(Instructions for the task): The line containing "Mahomet Area Youth Club (MAYC)" marks the end: quote every line from the start of the records below through it, word for word.

(Data to use):

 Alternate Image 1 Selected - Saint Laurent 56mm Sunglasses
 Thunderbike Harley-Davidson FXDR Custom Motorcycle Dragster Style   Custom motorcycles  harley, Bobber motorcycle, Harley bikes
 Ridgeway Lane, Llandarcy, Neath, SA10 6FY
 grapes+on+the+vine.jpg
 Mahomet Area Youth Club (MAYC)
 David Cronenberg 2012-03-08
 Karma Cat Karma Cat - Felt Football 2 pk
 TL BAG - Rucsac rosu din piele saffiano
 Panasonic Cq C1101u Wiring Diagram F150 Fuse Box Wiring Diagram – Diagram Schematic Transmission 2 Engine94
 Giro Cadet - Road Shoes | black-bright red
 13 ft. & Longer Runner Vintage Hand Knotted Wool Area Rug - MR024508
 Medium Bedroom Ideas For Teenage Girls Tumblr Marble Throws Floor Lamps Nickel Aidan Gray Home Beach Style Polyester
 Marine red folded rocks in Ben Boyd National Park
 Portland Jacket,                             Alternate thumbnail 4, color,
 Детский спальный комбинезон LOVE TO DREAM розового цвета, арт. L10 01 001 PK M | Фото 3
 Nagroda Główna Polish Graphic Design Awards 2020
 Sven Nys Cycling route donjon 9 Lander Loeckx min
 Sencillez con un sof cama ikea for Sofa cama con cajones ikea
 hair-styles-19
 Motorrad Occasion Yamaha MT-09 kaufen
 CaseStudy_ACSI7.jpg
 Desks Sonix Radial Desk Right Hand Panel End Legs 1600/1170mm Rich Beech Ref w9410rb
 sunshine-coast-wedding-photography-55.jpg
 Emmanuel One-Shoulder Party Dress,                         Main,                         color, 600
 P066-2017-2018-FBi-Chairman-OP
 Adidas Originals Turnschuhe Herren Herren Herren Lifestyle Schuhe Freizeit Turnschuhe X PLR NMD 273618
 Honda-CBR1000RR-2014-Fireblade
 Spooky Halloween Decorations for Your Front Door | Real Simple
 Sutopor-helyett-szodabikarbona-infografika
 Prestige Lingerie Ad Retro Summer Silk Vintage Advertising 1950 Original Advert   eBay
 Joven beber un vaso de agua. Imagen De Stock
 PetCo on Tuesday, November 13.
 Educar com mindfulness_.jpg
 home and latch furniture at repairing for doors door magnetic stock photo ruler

(Exercise output):
 Alternate Image 1 Selected - Saint Laurent 56mm Sunglasses
 Thunderbike Harley-Davidson FXDR Custom Motorcycle Dragster Style   Custom motorcycles  harley, Bobber motorcycle, Harley bikes
 Ridgeway Lane, Llandarcy, Neath, SA10 6FY
 grapes+on+the+vine.jpg
 Mahomet Area Youth Club (MAYC)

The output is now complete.